* **Records shown**
· · · ·

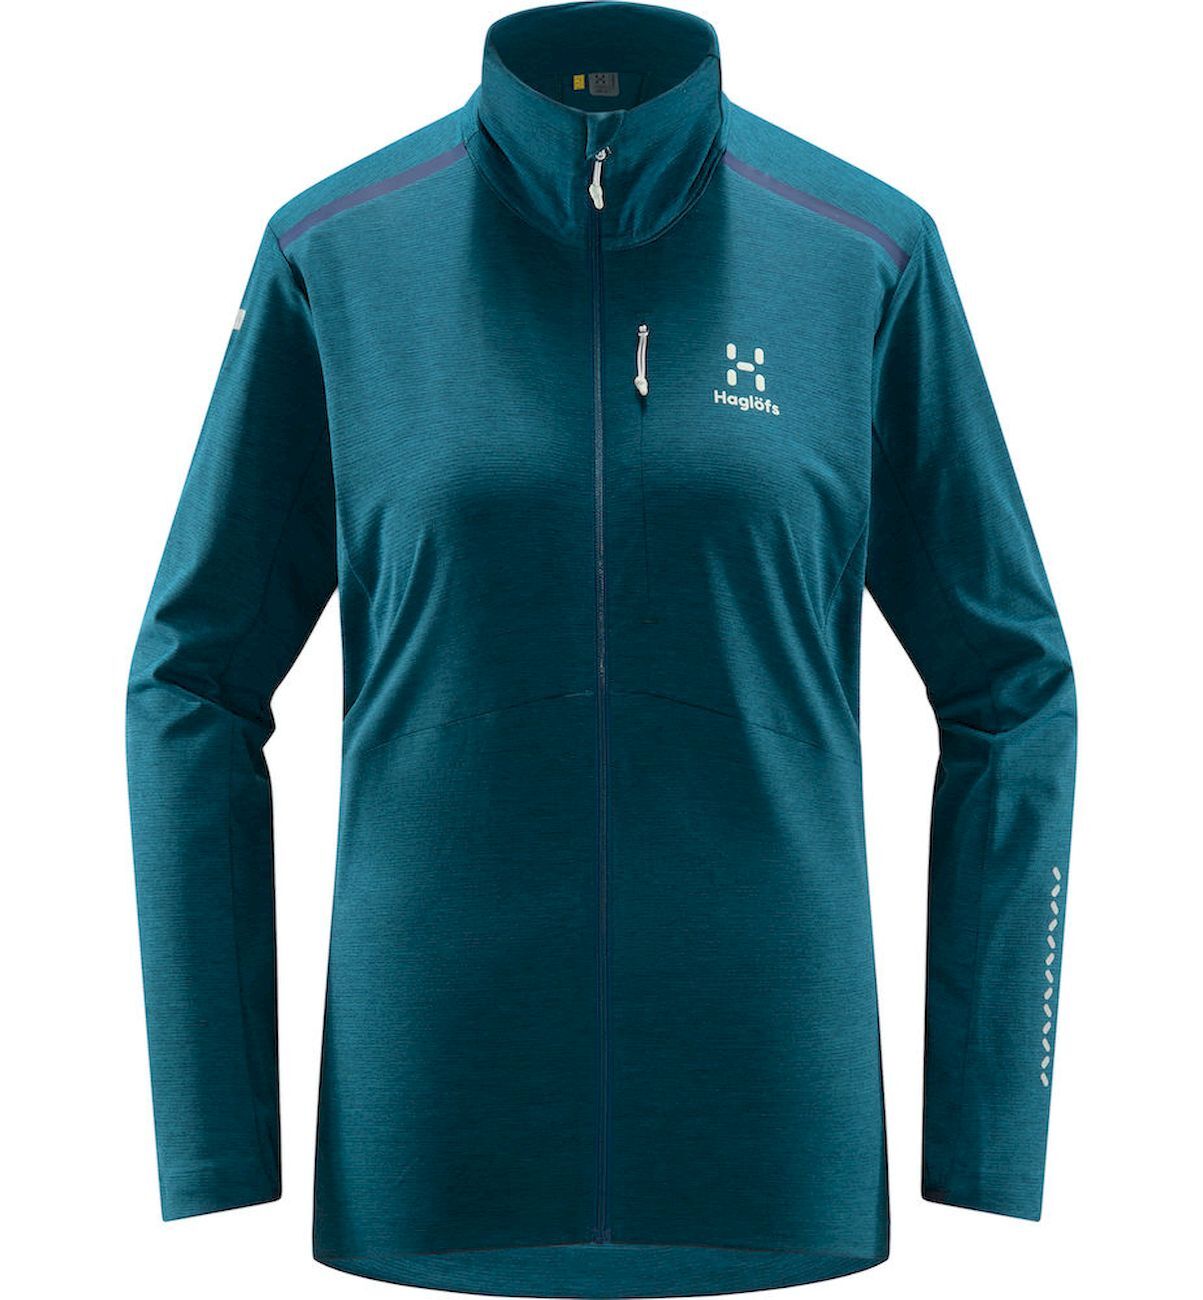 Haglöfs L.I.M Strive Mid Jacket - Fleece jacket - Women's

· · · ·

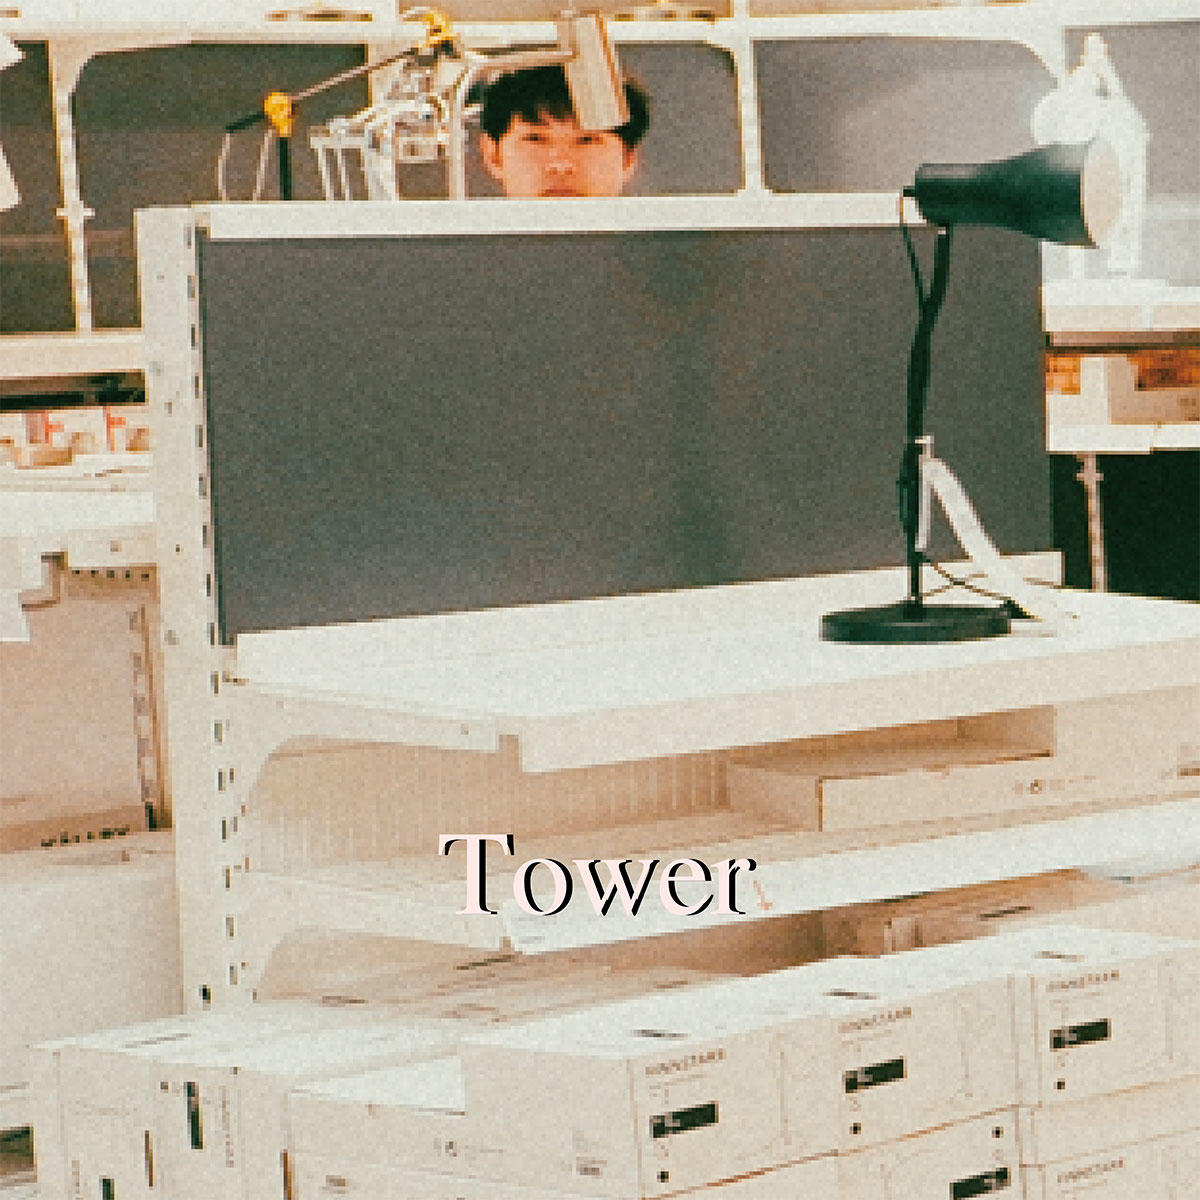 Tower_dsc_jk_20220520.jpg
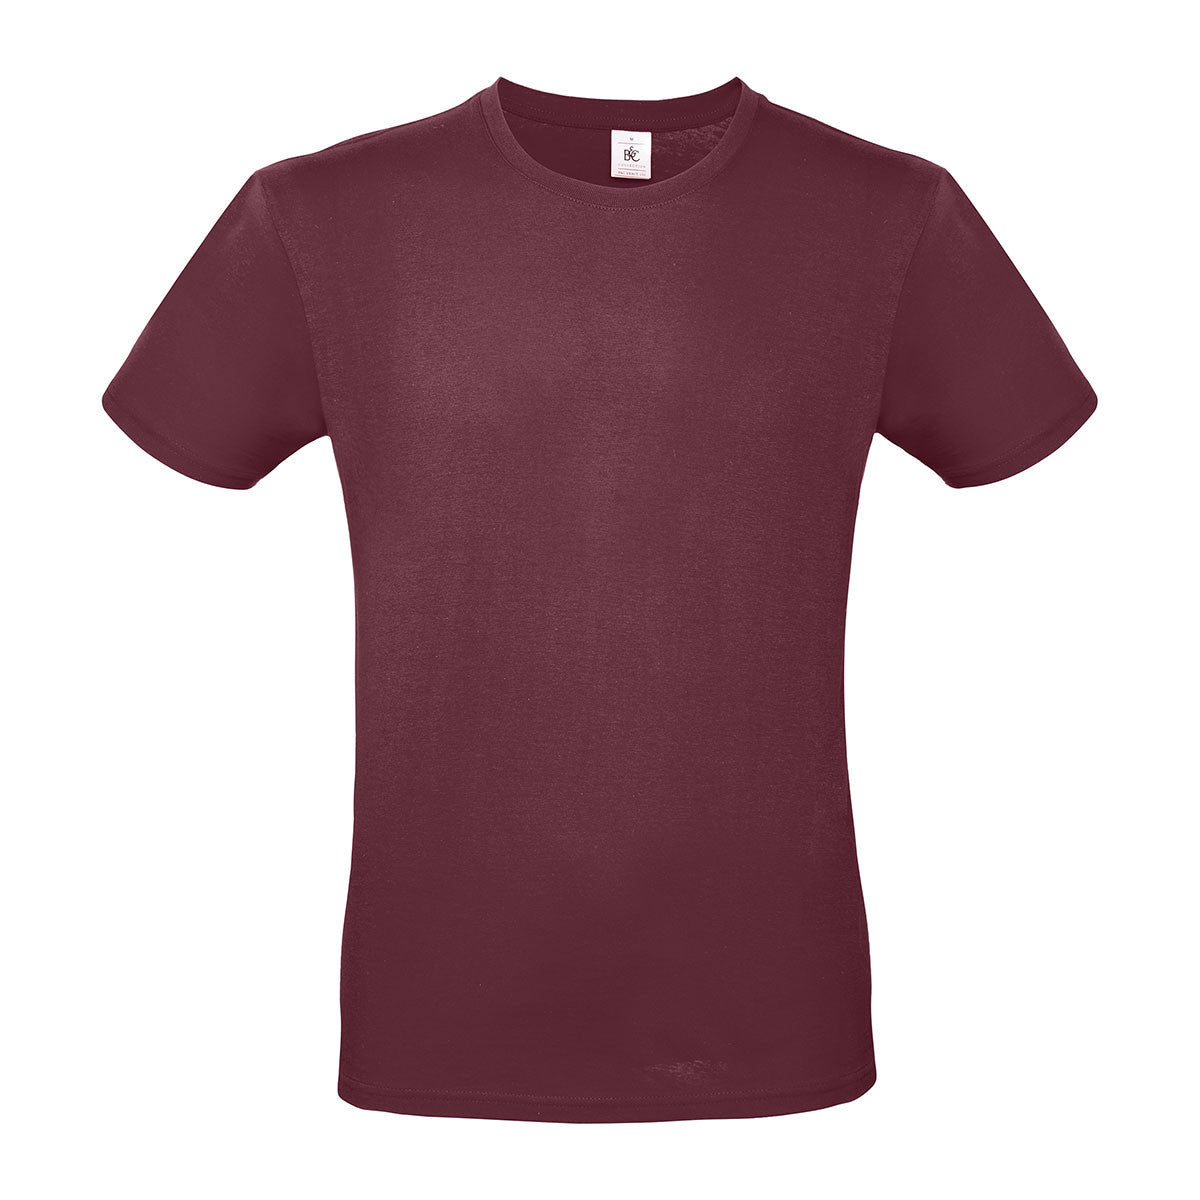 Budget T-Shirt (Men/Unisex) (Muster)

· · · ·

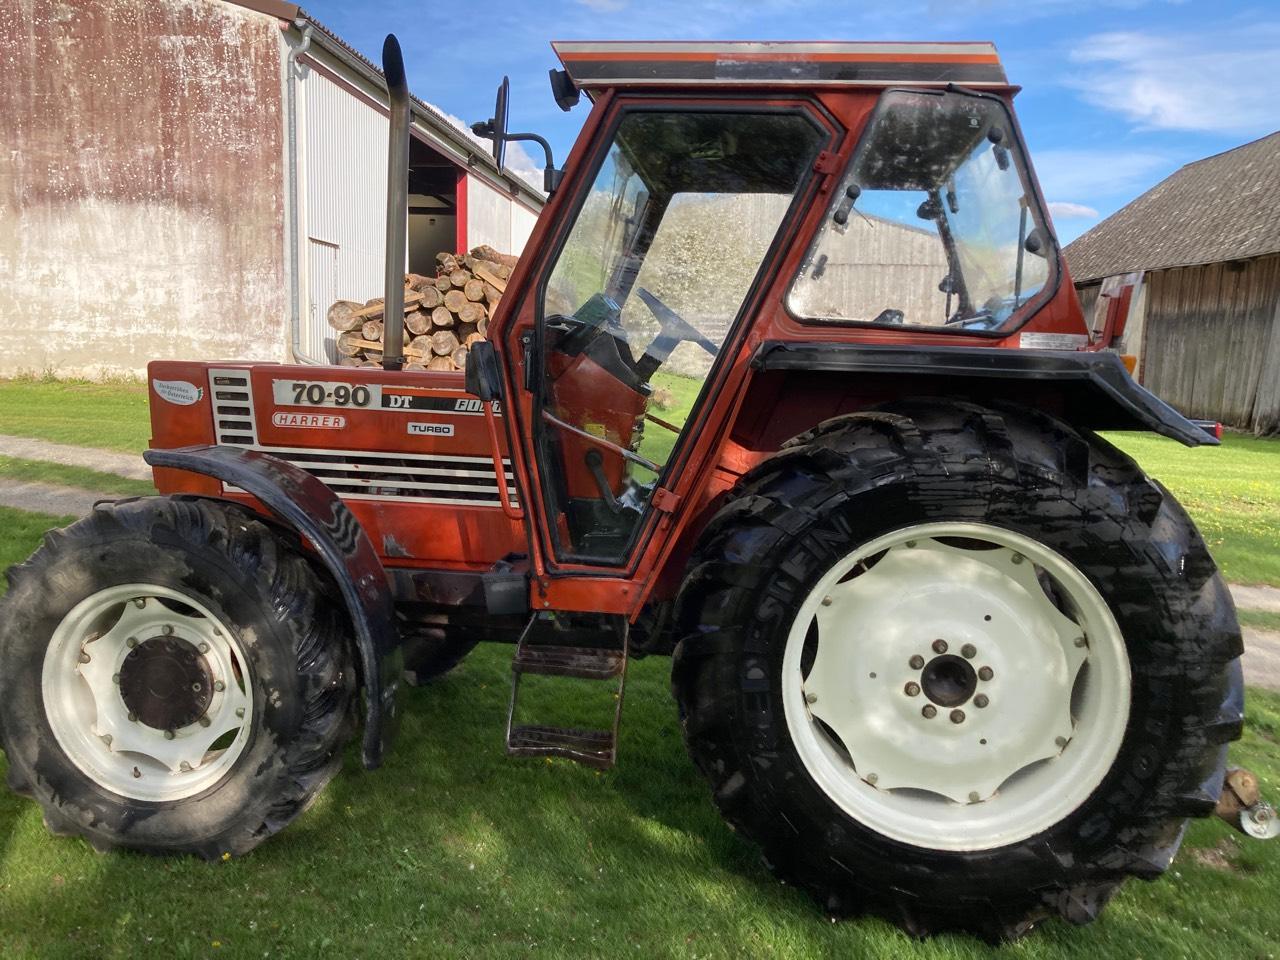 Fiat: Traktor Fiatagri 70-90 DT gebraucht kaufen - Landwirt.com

· · · ·

* **Aim of the task**
Only one stretch of the entries above is needed: the lines from the one containing "Tower_dsc_jk_20220520.jpg" through the one containing "Budget T-Shirt (Men/Unisex) (Muster)". Copy it exactly, without the pictures.

* **Exercise solution**
 Tower_dsc_jk_20220520.jpg
 Budget T-Shirt (Men/Unisex) (Muster)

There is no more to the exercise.